Бенедикта легонько ткнула Нелли в бок. Труда, однако, приняла комплименты, смущенно улыбнулась и засеменила рядом с лейтенантом, подхватившим букет и рассыпающимся в любезностях. Две другие девушки шли позади по узкой дорожке.

– Вы сегодня не на службе, герр граф? – спросила Бенедикта.

– Нет, милая фройляйн, иначе меня бы здесь не было. Редкая радость в жизни лейтенанта. Эскадрон вызвали на склад. Говоря человеческим языком: новая форма требует подгонки по фигуре наших бравых ребят. Мне присутствовать не обязательно. Так я обрел радость провести день, свободный от королевской службы. Я говорю о радости не из неуважения к прекрасно организованной службе, а лишь потому, что перемены иногда заставляют человеческое сердце биться чаще от счастья, но замечу, что иногда и от глубокого огорчения, что вы вряд ли поймете.

– О да, – сказала Бенедикта. – Вы же говорите о долгах, которые пришла пора выплатить. Я не настолько глупа.

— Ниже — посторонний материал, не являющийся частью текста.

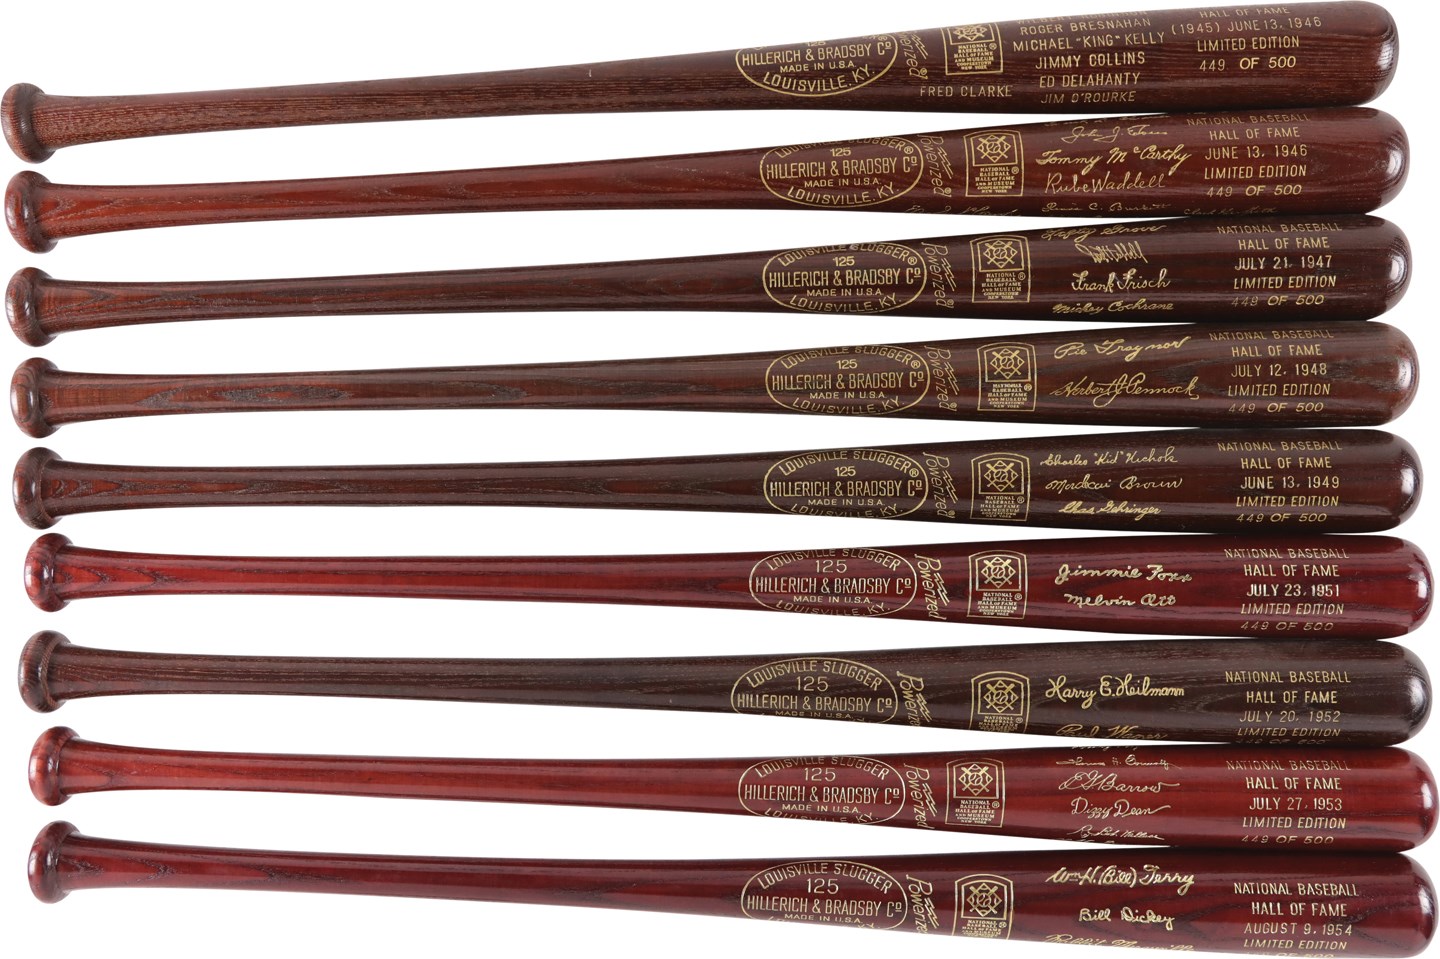 Baseball Memorabilia - Cooperstown Hall of Fame Bat Collection #449 (40)

– Что вы, я о том, что иногда приходится отказаться от лучшего божественного дара.

– Вы наверняка знаете, – спросила Труда, – что сегодня ожидается возвращение герра Макса фон Тюбингена?

– Да, об этом говорят в Цорнове. Однако я все же попал к вам по случайности. Я собирался остаться дома и работать…

– Да-да, – сказала Бенедикта и рассмеялась.

– Как мило, что вы не хотите мне верить, баронесса! Но именно так и обстоят дела. Я в самом деле собирался работать. Хотел заняться подготовкой к военной академии, чтобы покинуть действующую армию. Уже взялся за книги, но тут теплый луч солнце скользнул по моей щеке, а за окном радостно запели малиновки, и я не смог усидеть за письменным столом и велел седлать.

– Императора?

– Нет, Тетку Больте, баронесса.

– Кого? – удивилась Труда.

– Тетку Больте, так зовут лошадь, крепкую рыжую кобылу, дочь Петра Великого из «Мисс Прайс», если вас интересует родословная.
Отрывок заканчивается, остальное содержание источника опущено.